### Data for analysis

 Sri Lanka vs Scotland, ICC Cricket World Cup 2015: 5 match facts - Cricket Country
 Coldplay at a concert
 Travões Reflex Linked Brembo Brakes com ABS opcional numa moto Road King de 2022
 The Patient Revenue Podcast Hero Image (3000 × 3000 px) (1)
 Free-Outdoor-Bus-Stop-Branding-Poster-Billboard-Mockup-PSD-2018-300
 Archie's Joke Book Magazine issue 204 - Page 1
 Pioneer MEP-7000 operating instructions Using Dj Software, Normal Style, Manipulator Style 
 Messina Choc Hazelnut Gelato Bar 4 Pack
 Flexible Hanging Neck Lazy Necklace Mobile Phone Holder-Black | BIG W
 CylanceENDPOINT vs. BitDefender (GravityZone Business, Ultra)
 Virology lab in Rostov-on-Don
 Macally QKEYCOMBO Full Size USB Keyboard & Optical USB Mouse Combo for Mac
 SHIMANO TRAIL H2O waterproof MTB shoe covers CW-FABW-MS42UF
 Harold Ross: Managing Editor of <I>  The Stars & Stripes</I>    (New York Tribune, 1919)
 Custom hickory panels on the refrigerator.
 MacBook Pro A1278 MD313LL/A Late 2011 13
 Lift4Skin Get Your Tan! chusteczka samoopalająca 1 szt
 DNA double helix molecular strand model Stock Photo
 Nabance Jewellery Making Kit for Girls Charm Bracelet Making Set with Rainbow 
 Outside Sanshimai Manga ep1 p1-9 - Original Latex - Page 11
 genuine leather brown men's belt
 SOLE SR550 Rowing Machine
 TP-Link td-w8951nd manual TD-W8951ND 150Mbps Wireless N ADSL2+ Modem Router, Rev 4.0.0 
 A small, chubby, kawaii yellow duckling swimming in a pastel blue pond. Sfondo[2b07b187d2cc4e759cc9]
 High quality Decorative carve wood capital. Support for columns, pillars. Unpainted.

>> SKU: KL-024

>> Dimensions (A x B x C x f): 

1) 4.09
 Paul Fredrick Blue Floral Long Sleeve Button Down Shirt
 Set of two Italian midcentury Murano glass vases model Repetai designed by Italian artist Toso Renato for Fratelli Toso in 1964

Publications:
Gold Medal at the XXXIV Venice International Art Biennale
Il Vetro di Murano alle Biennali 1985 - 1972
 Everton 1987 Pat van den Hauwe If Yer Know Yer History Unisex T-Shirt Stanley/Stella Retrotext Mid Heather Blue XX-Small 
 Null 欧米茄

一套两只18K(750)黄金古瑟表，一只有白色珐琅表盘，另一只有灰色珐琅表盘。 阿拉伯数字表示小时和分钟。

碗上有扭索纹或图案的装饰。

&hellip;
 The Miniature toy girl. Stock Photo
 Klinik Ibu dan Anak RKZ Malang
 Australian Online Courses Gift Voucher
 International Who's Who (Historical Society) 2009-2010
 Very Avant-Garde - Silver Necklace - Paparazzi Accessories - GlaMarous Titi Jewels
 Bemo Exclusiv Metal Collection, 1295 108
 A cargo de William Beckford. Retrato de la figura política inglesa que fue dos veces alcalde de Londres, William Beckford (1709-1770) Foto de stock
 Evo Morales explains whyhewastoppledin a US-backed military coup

### Directions
For the records above, give the number of lines that include the string "Necklace", with nothing added.

### Output of the task
2